Is The PBoC Embarking On A New Tightening Cycle?

Rising Property Prices A Challenge For Monetary Policy

Rising property prices in China have increasingly become a challenge for monetary policy. The PBoC’s Q4 2016 Monetary Policy Implementation Report released last Friday, showed that “curbing asset bubbles” has now been added to the traditional tasks of China’s monetary policy such as stabilising economic growth, facilitating the adjustment of the economic structure and controlling financial risks. The report stated that, to address the relationship between asset bubbles, monetary policy, and macroprudential framework, that “the macroprudential framework alone, might not be able to curb asset bubbles.”
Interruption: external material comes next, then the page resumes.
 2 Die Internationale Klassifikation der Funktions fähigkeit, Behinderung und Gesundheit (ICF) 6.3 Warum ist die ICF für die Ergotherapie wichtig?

Monetary Policy Needs To Curb Asset Bubbles

The report also stated that there is a “need to utilize the twin pillars of monetary policy and macroprudential policy to curb asset price bubbles.” Specifically, the report highlighted the property bubble, pledging to control aggregate money and stem credit from moving into real estate speculation while still supporting reasonable housing demand.
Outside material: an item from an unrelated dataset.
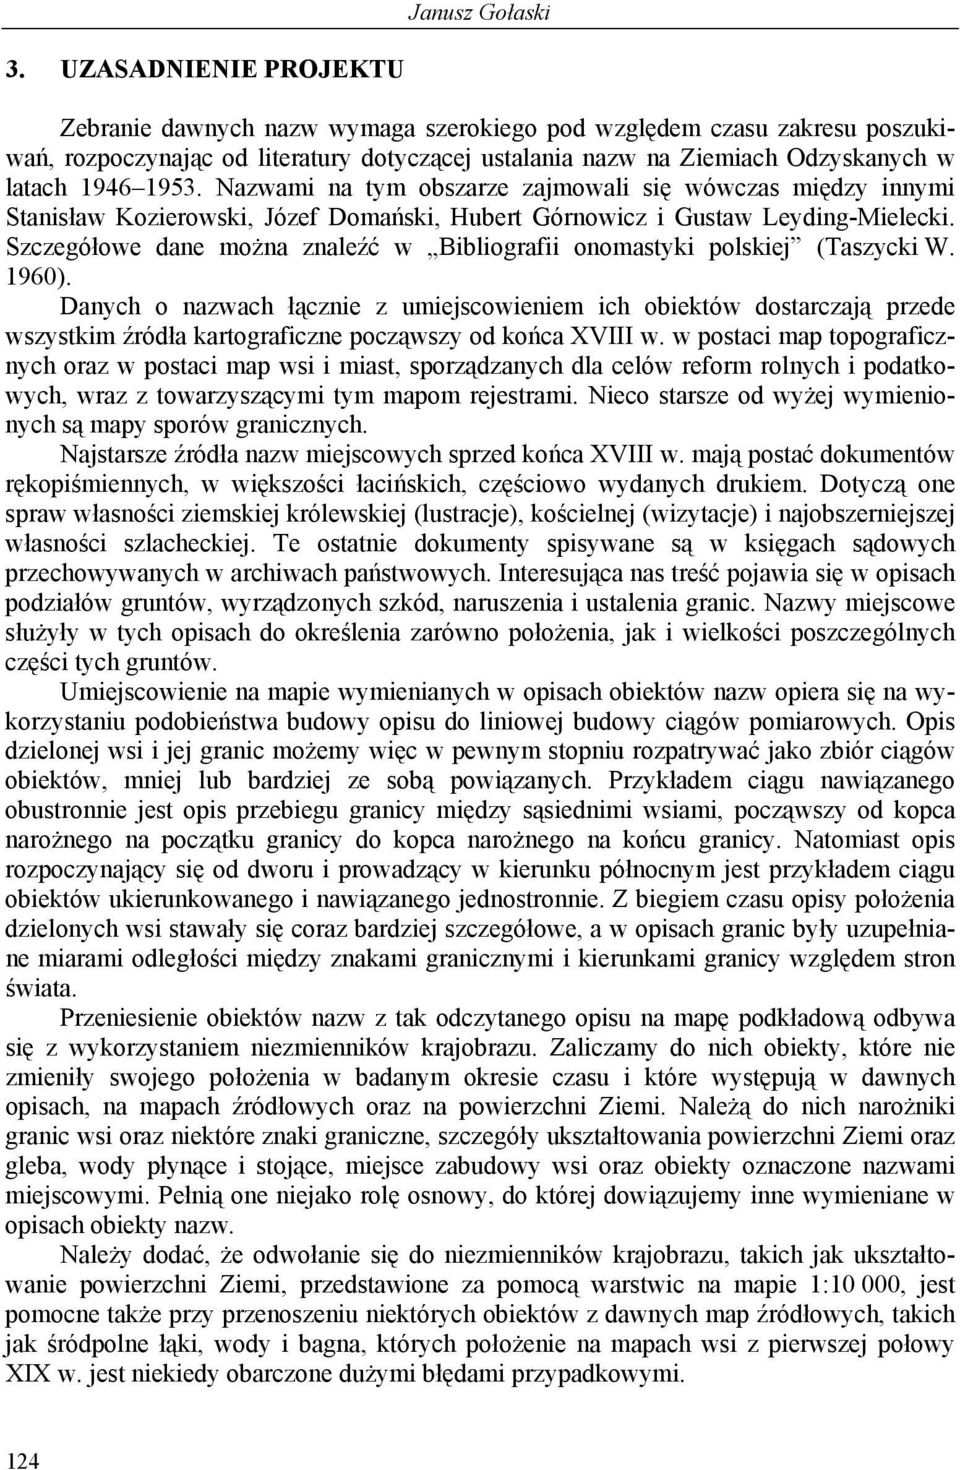 Szczegółowe dane można znaleźć w Bibliografii onomastyki polskiej (Taszycki W. 1960).

The increase in money market rates, fueled by the PBoC’s OMO rate hike on February 23rd, reflects the shift to a mild tightening stance in an effort to curb the property bubble and reduce financial risks. The hike was equivalent to a 10bp hike under the new policy regime, which is targeted more at the money market and OMOs.

Alongside attempting to curb the property bubble, this move could also help stem RMB depreciation expectations and therefore stabilise exchange rates which might be viewed as a show of friendship to the Trump administration in an effort to avoid a trade war.

Rising PPI No Concern To PBoC

Currently, rising PPI doesn’t appear to be a key concern for the PBoC. The report aligns the rise in PPI to demand factors such as real estate investment and infrastructure building as well as supply factors such as capacity reduction and inventory destocking.  The report also portrays rising PPI as a positive factor for economic growth and highlights that recent PPI increases have been influenced by upstream industries and therefore reflect imbalances in the industrial structure.